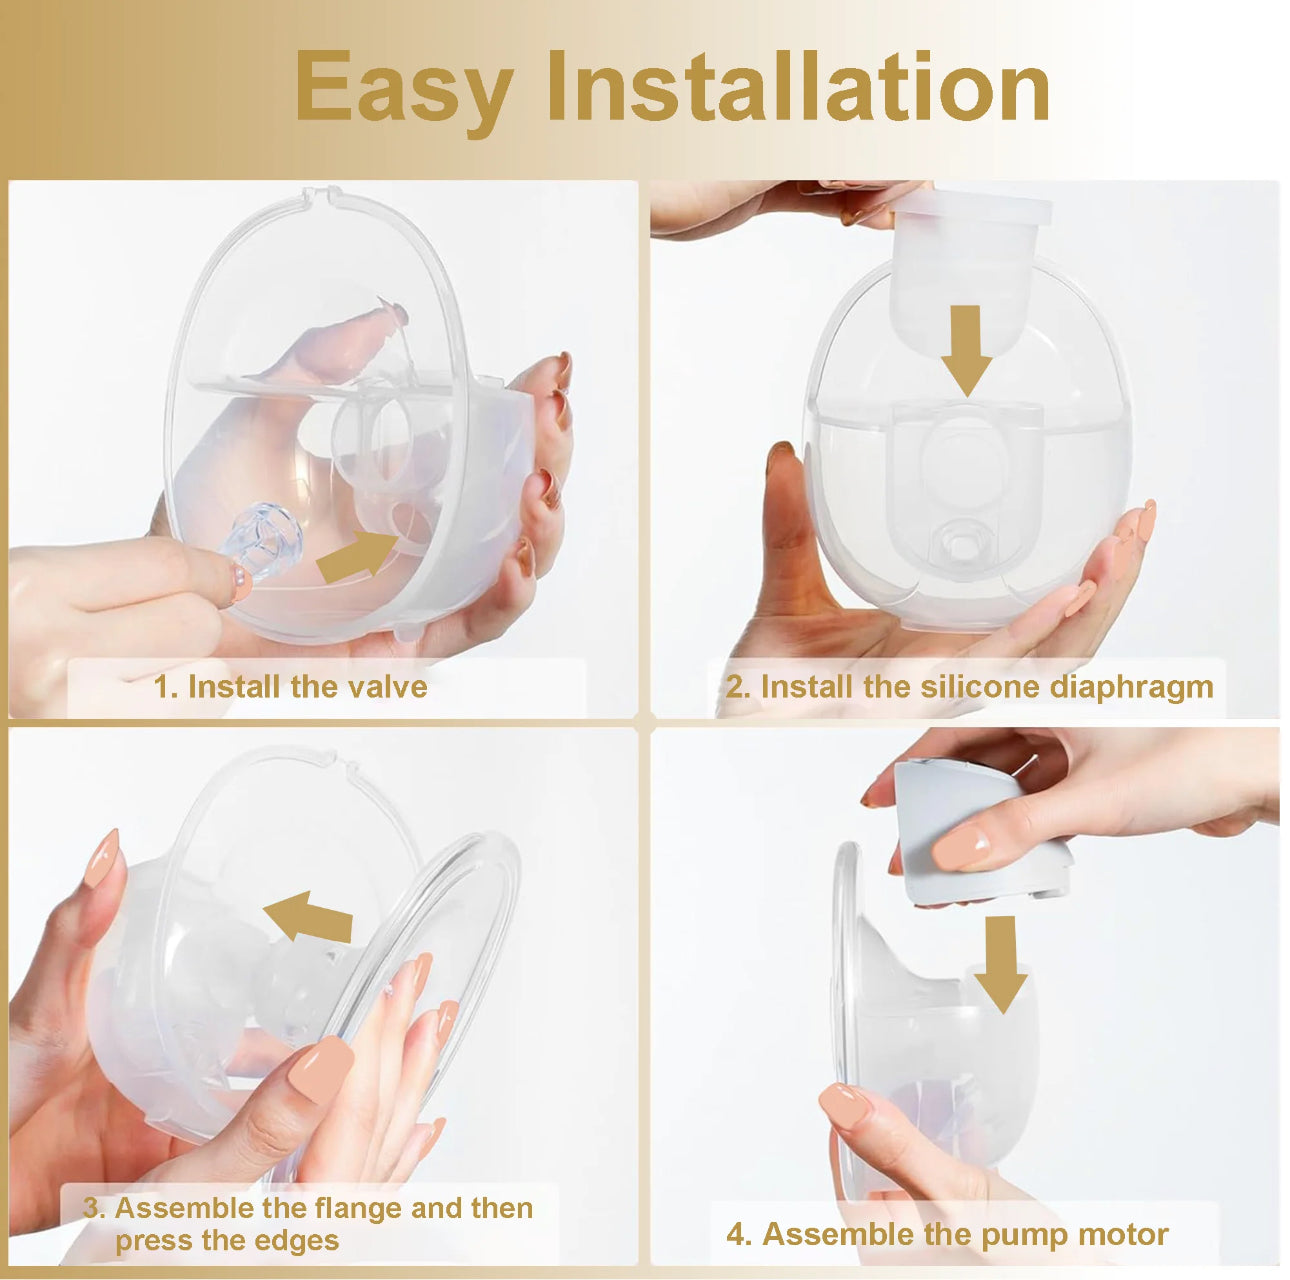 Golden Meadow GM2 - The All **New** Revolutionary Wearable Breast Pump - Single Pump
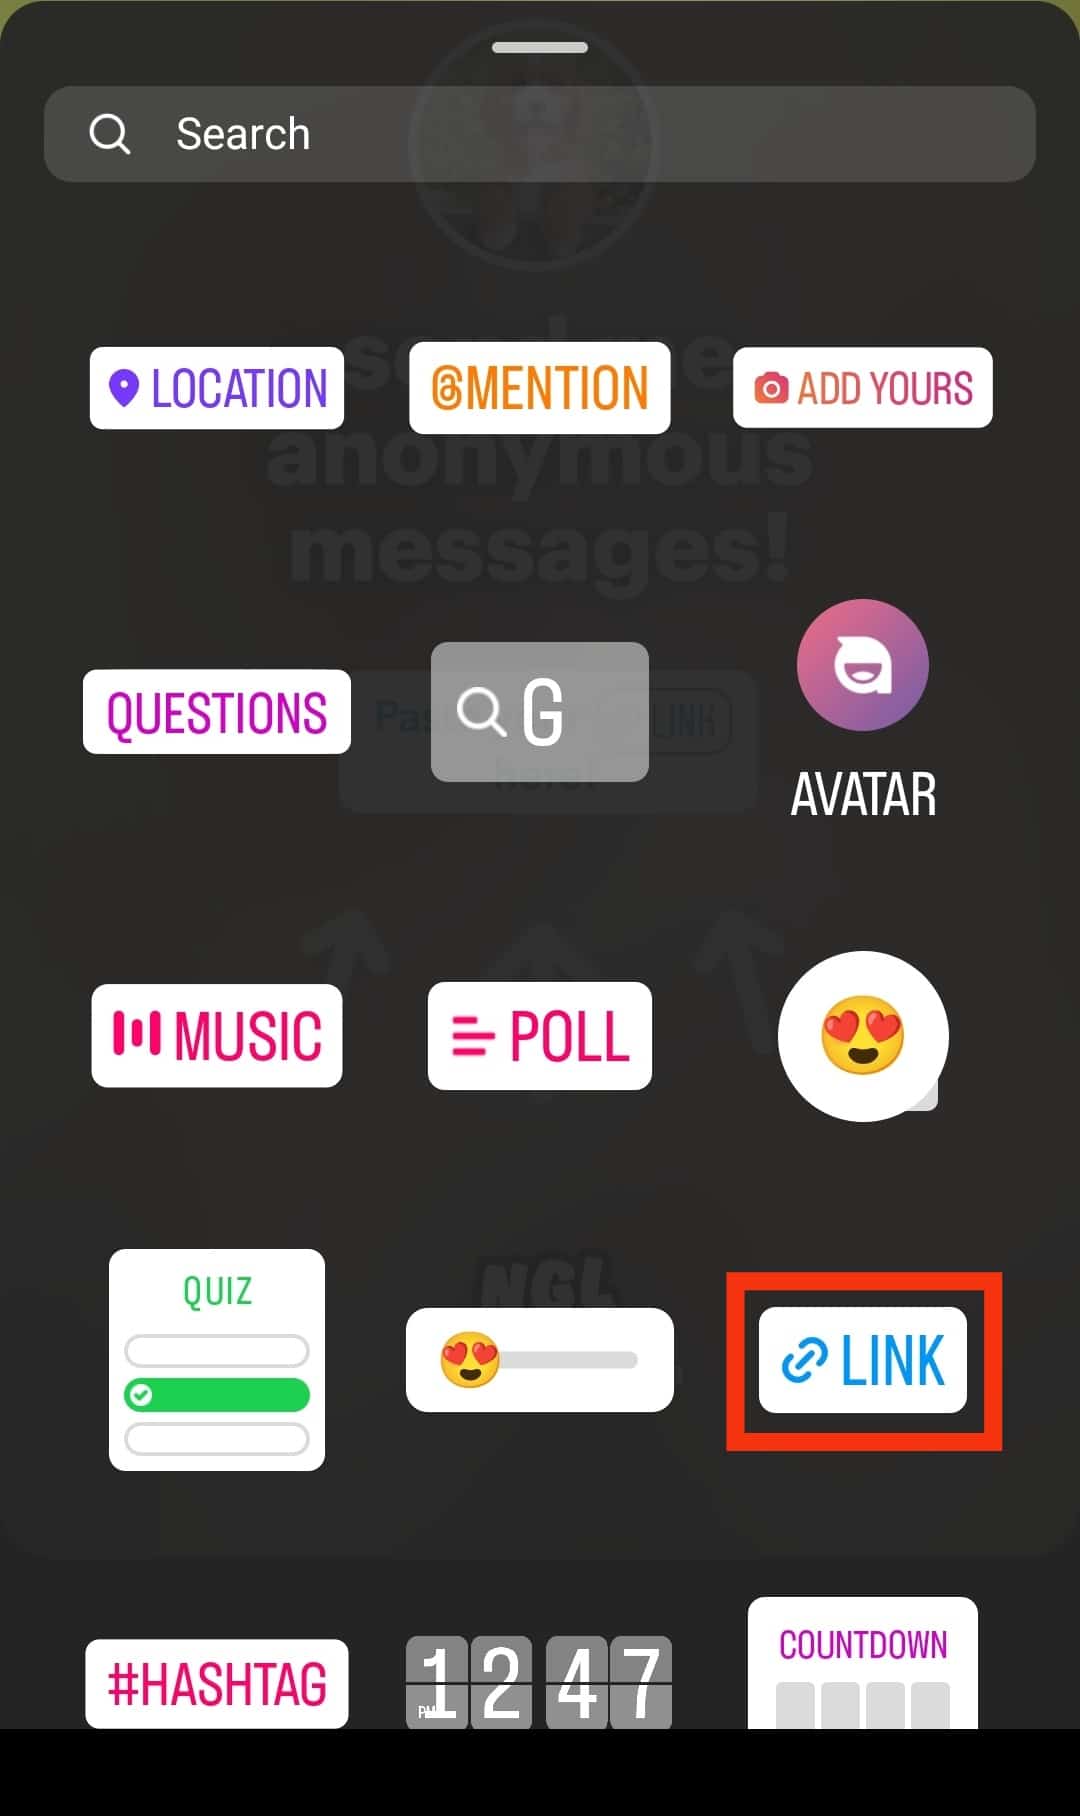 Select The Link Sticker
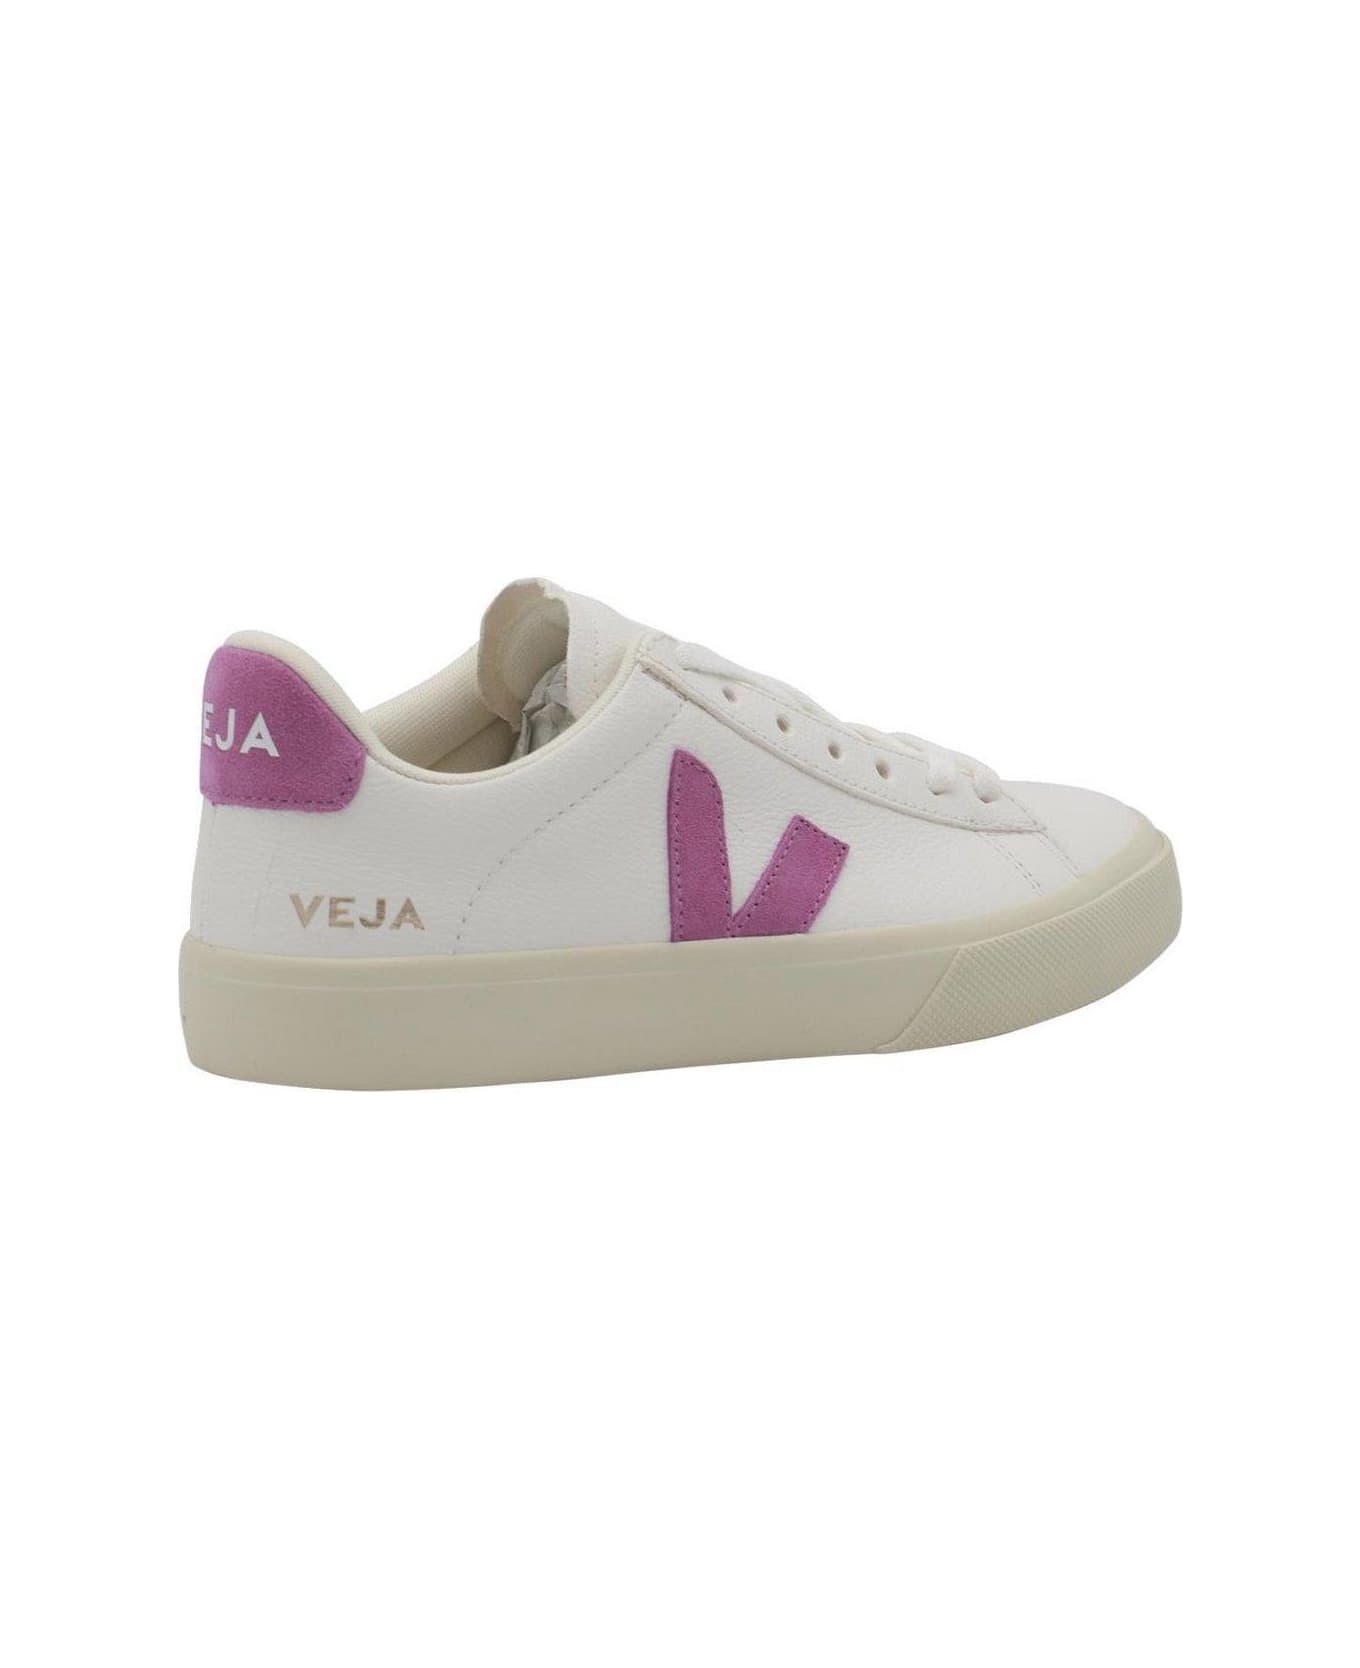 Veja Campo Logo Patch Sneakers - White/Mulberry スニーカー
# # # # # # #
* EXERCISE GOAL *
Copy out the data verbatim, with no pictures.

* RESPONSE FOR THIS EXERCISE *
 Golden Meadow GM2 - The All **New** Revolutionary Wearable Breast Pump - Single Pump
 Select The Link Sticker
 Veja Campo Logo Patch Sneakers - White/Mulberry スニーカー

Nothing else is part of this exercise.